For many, meeting these criteria will mean adding AI to the growing list of critical workloads shifting to the cloud as a way of gaining high-performance processing, servers, networking, storage, development platforms and environments and software without heavy capital costs.
Getting infrastructure right is crucial, agrees Everseen’s O’Herlihy. He says a high-performing cloud environment has been crucial for his company’s AI success in several ways. It enables scaling across thousands of locations, easy “lifting and shifting” of technology building-blocks from one part of a store to another and delivers high performance that lets AI models understand a moving scene, including analyzing how humans interact with objects, in real time.
Fashable’s Fernandes concurs. “We talk a lot about on-demand cloud infrastructure and services to accelerate product innovation and build competitive advantage. ‘Doing more with less’ with a small team is important, so we can invest in our IP and leverage Azure Machine Learning and PyTorch with the NVIDIA AI platform to achieve state-of-the-art results. This is crucial for minimizing upfront investments and risks so that our applied research team can fail and adapt quicker.”
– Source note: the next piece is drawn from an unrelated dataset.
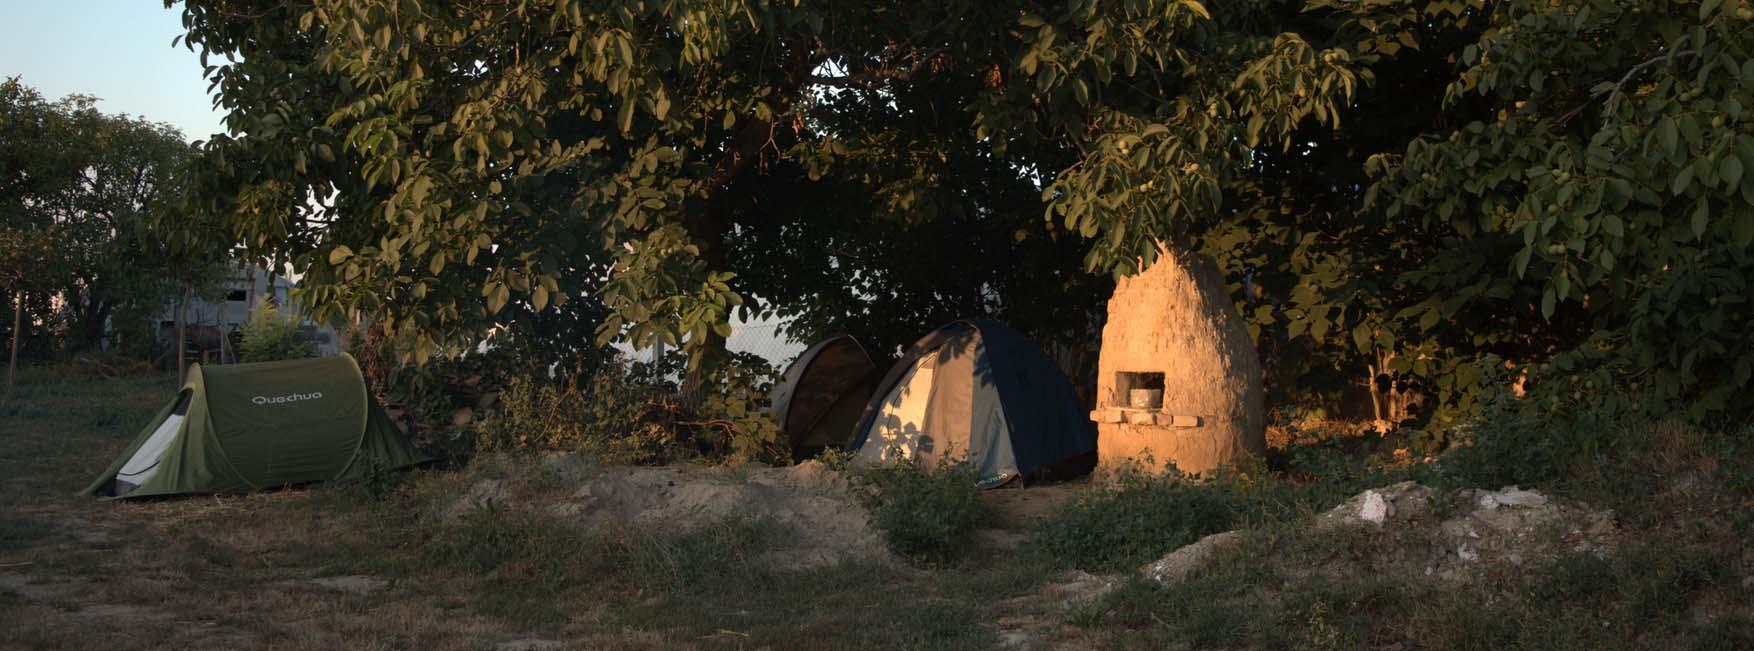 109 mORA 2015 kamp u dvoristu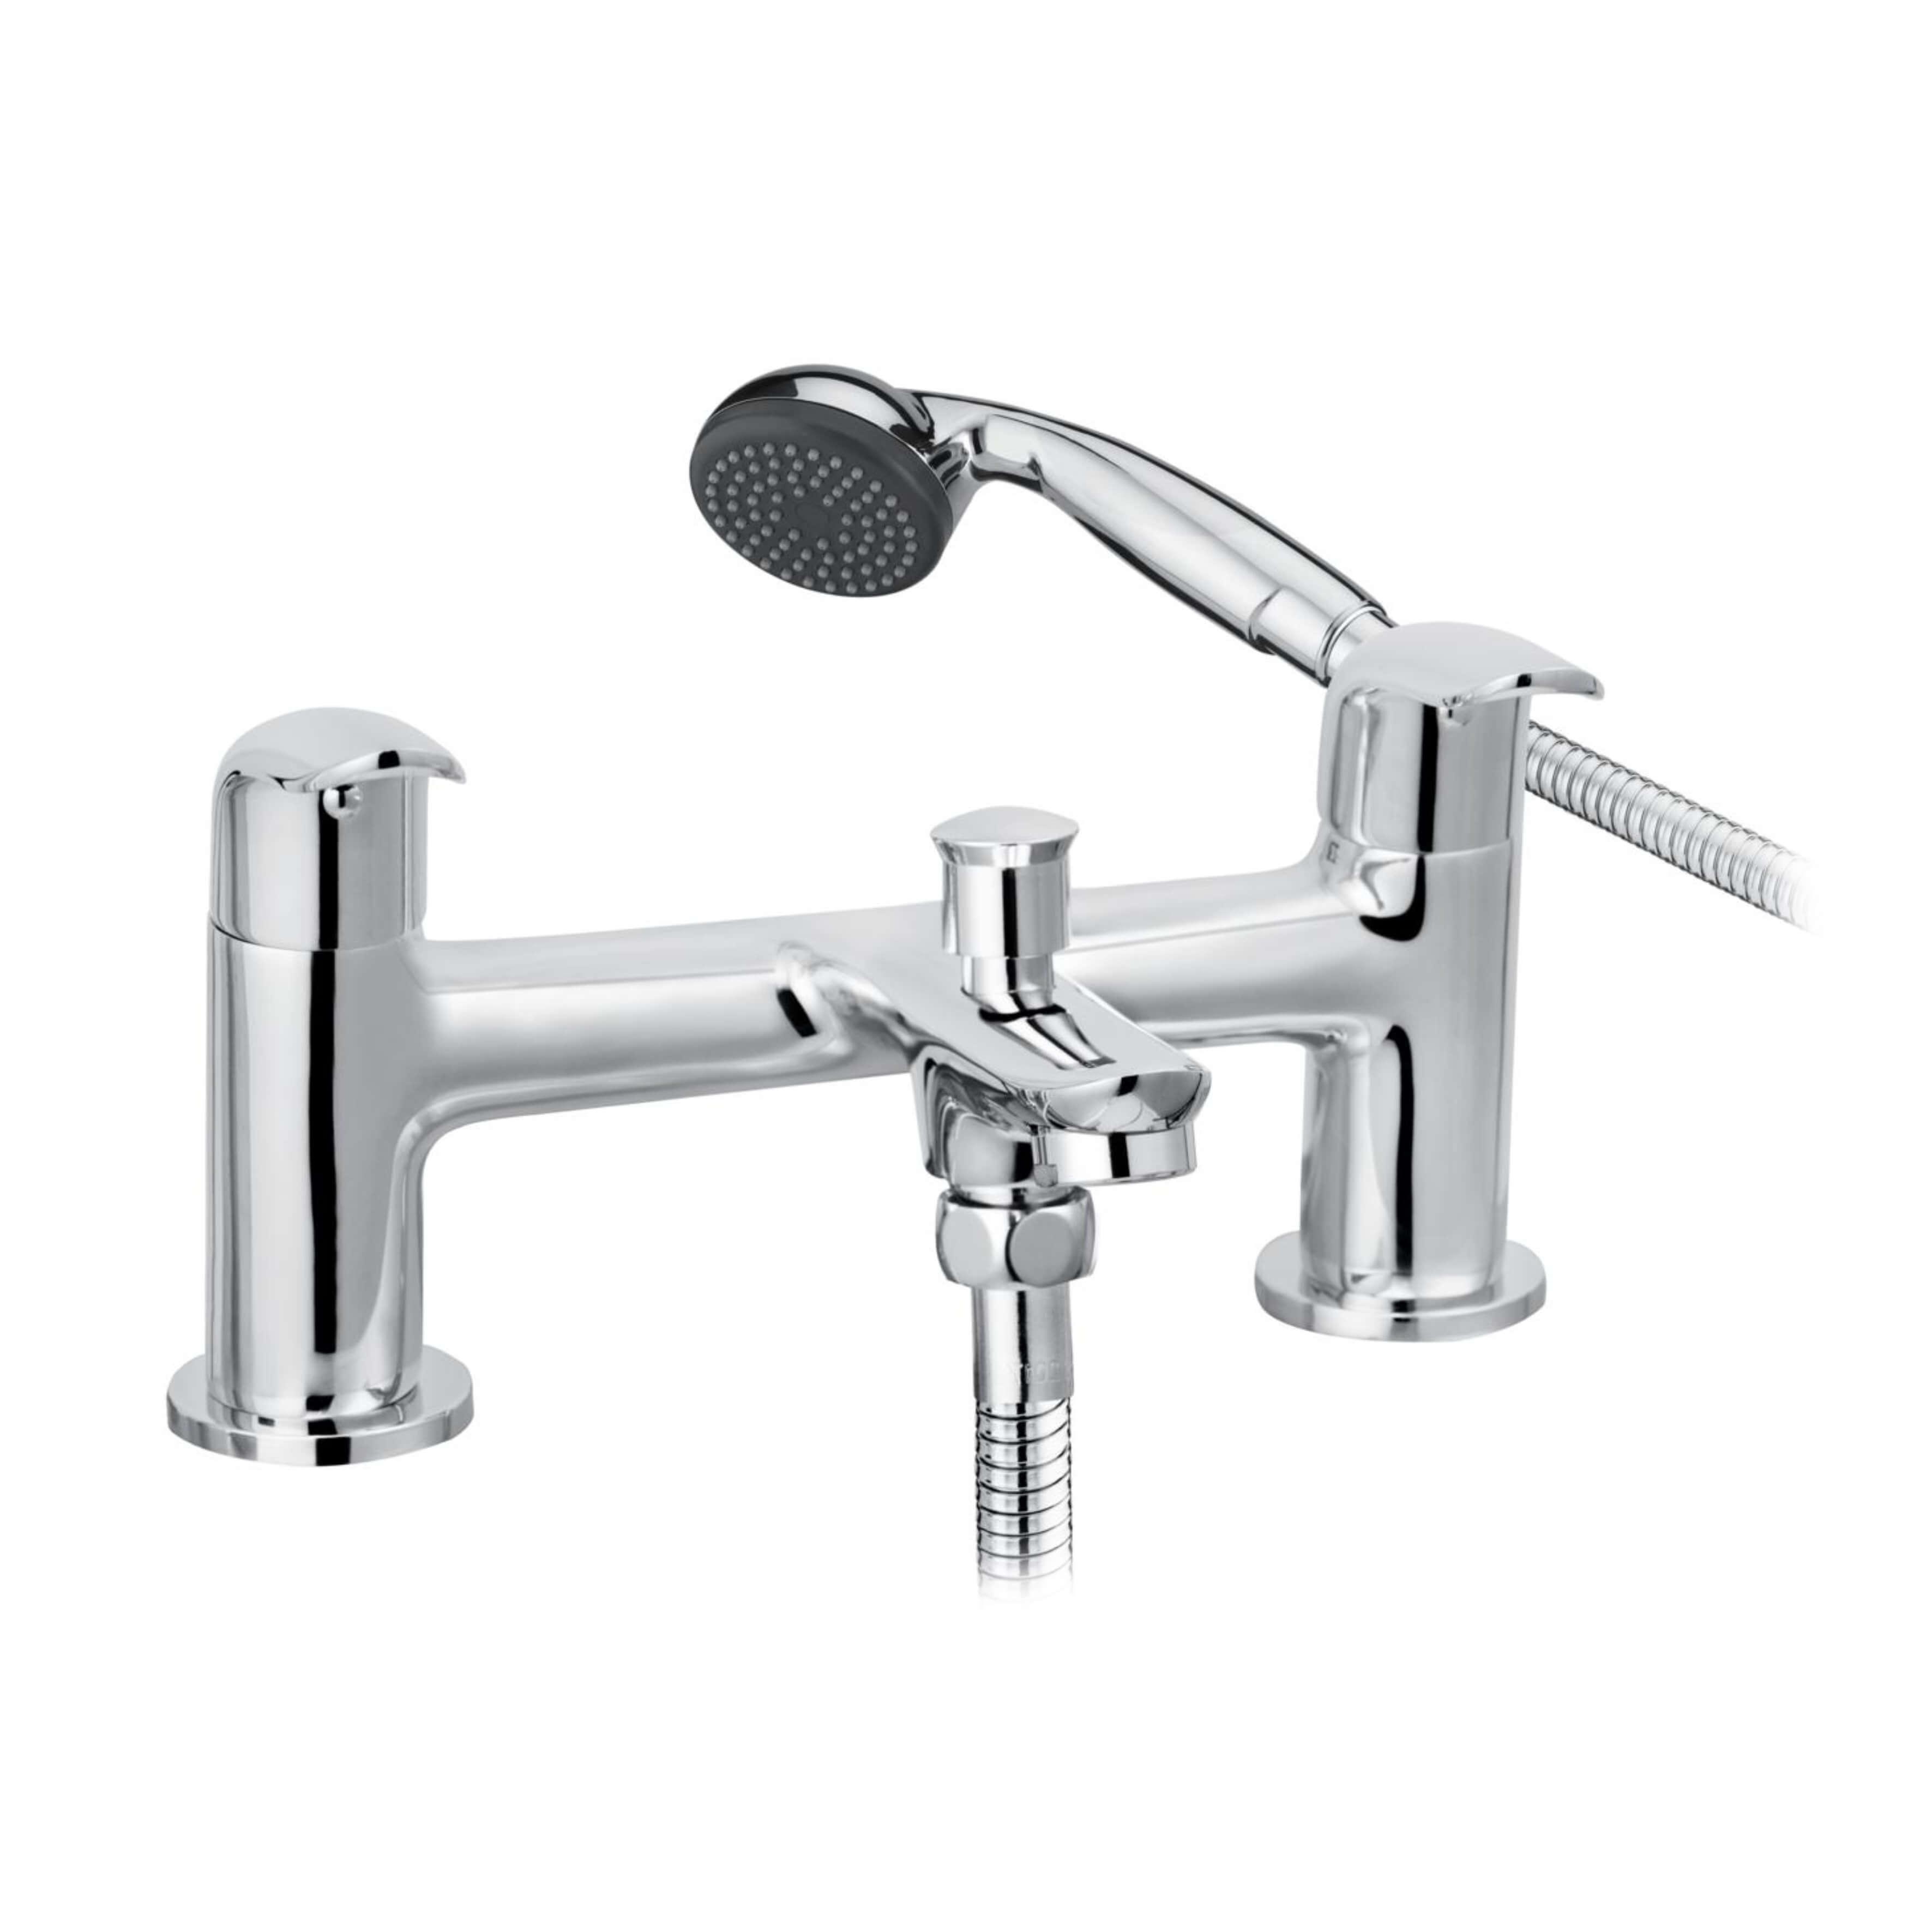 Cascade Arch Bath Shower Mixer Chrome 002.21913.3

A related important consideration, he says, is the data used for AI innovation. Fashable opted to build its own datasets with internal tools to get “complete control” of its innovation. But, Fernandes acknowledges, “the risks and cost can be prohibitive for building AI innovations, so business leaders can minimize those by using existing environments and tools and not ‘reinventing the wheel.’”
Laggards risk sharing $1.7 trillion of new industry value
Today’s retailers live at the intersection of commerce, consumers and technology transformation. Some 87% are planning to increase investments in AI/ML in 2023. Yet researchers say many retailers have not gotten started with smart technologies. Laggards risk missing out on the $1.7 trillion in business value, roughly 12% of all sales, that McKinsey estimates AI and analytics could generate for the retail industry.
For many economists and forecasters, retail is an important canary in the coal mine. Sales and investments are seen as key indicators not just for the sector, but for the overall economy. If so, retailing’s surging embrace and emerging success using AI for innovation and transformation amidst multiple headwinds bodes well far beyond store walls.